The chapter by Asimov gave a chronicle review of the development of science. It started from how human beings became interested in learning about the world, how science differed from fine arts, how mythology, religion, and science were interweaved and developed. It reviewed the ancient Greek scientists’ work and their limitation. The work on induction by Galileo and Newton was also discussed. The paper outlined the basic principles of modern science and presented some existing problems.

In this chapter, the goal of science was attributed to curiosity. In Paul Reynolds’  “A Primer in Theory Construction”, it is argued that science serves four purposes (providing typologies, explanation, predication and a sense of understanding), all of which can be related to human curiosity.

The development of Greek science reminds me of the development of science in ancient China. Ancient Greek scientists relied too much on deduction and preferred abstraction and generalization. They undervalued knowledge related to real-life problems. On the contrary, ancient Chinese were more pragmatic. They paid special attentions to induction and practical applications, but failed to generalize abstract theories from their practice. For example, the 3-4-5 relationship among three sides of a right triangle was also found and documented by Chinese even earlier than Egyptian did, but they seemed satisfied with this discovery and were not curious enough to generalize it with mathematical proof. Actually, the history of Chinese science development was full of observations of phenomenon without solid theories. That is why a lot of people believe that there was no science in ancient China. From another perspective, Chinese are born to be engineers. They built great things to solve real-world problems, without knowing the scientific principles or incentives to explore why. For example, they created gunpowder without exploring the chemical components and reactions; they spent time and efforts on creating complicated compass, but not on exploring the magnetic field of the earth.

The modern science proposed on this chapter is similar to that proposed by Popper in his book “The Logic of Scientific Discovery”. Similarly, Paul Reynolds wrote in his book “A Primer in Theory Construction” that a scientific theory must have abstractness, intersubjectivity (explicitness and rigorousness) and empirical relevance. It is argued that science does not always contain truth about the world. Instead, it is a collection of ideas that are inducted from observations and have survived systematic tests that aimed at falsifying them.

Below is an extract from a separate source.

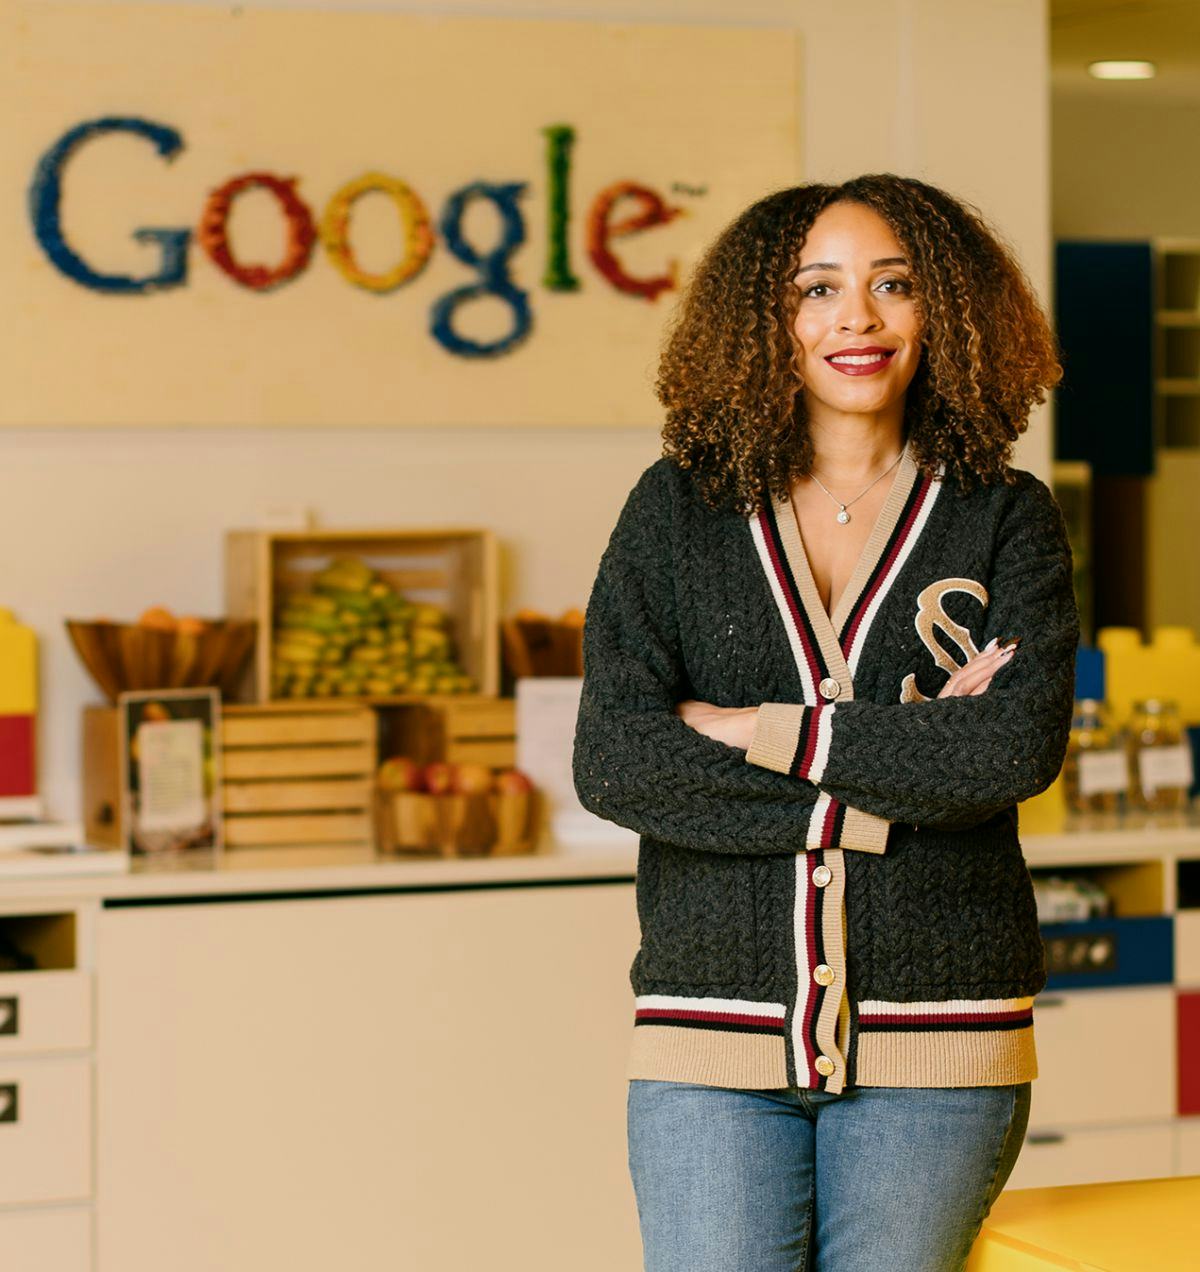 Portrait of Stephanie LeBlanc-Godfrey with Google sign in background.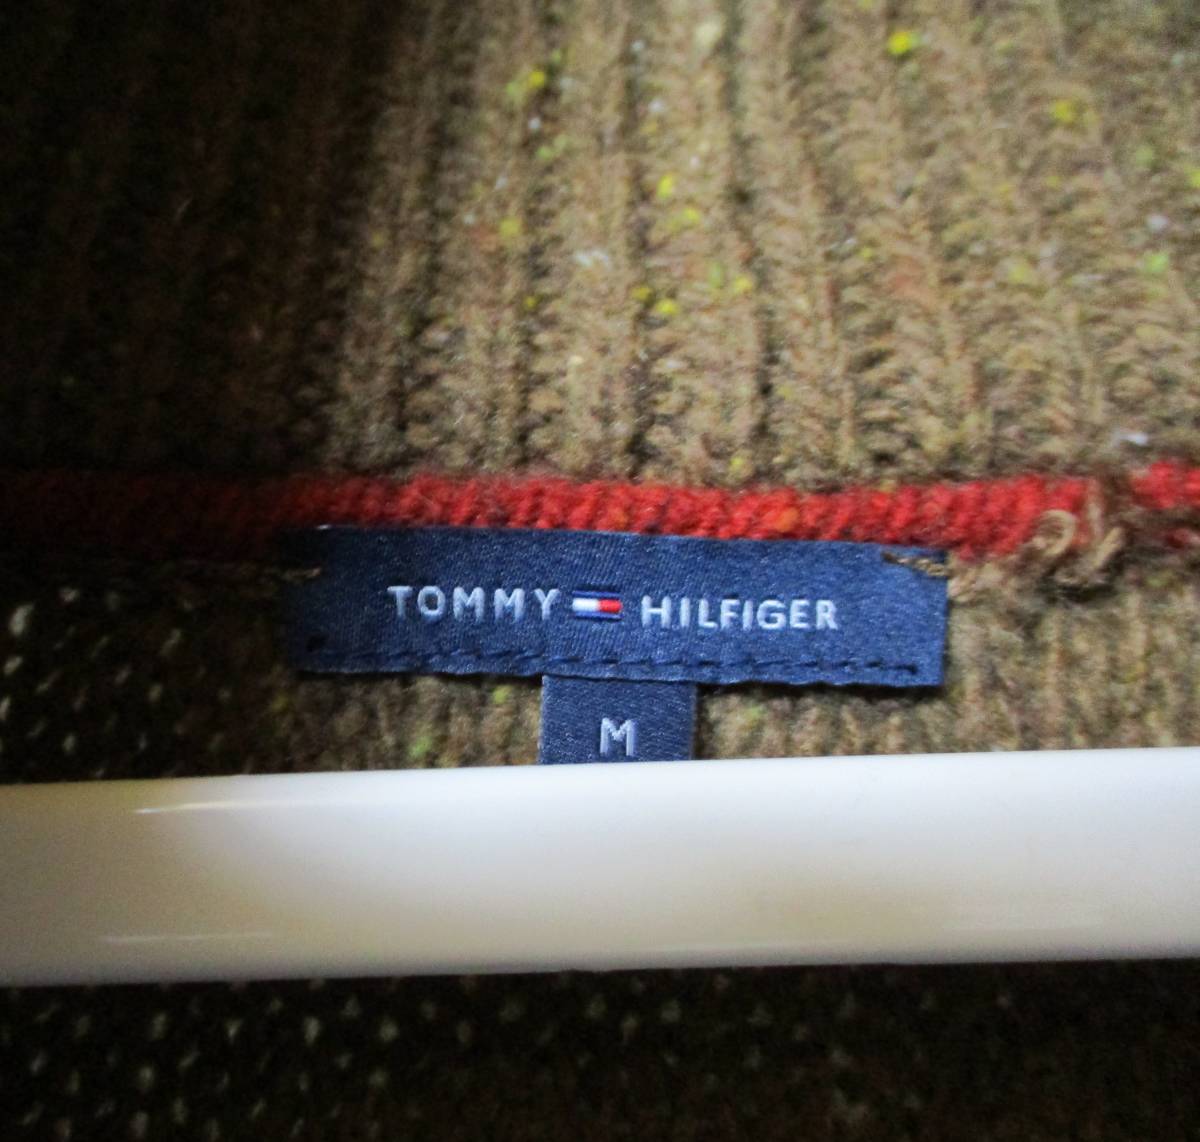  HILFGER トミー トミーヒルフィガー コレクション デザイン ジャケット 羽織 L LX 新品 同様 未使用 試着程度 ブラウン サイズ詳細有_サイズ M 美品

Another thought of mine was inspired by the discussion of the problems in modern science. There are basically two approaches in science nowadays: First, focus on a specific domain to explore in-depth knowledge (e.g. analyze the DNA of humans). Second, bring different disciplines together in multi- or inter-disciplinary research (e.g. the iSchool movement). I would assume that both approaches have been beneficial for the development of science. However, the specialization of science has made it more and more difficult for one person to be an expert in multiple disciplines. It is thus rare in modern science to have someone like Galileo Galilei, who has made great contributions to mathematics, physics, astronomy and philosophy.

Is the high specialization a good thing? Maybe, because it has enabled us to know more about us and the world. However, I am afraid that when more and more scientists focus only on his narrow topics and dig deeper and deeper without a good knowledge of the consequences in other areas, the outcome of their research may not be beneficial to human beings any more.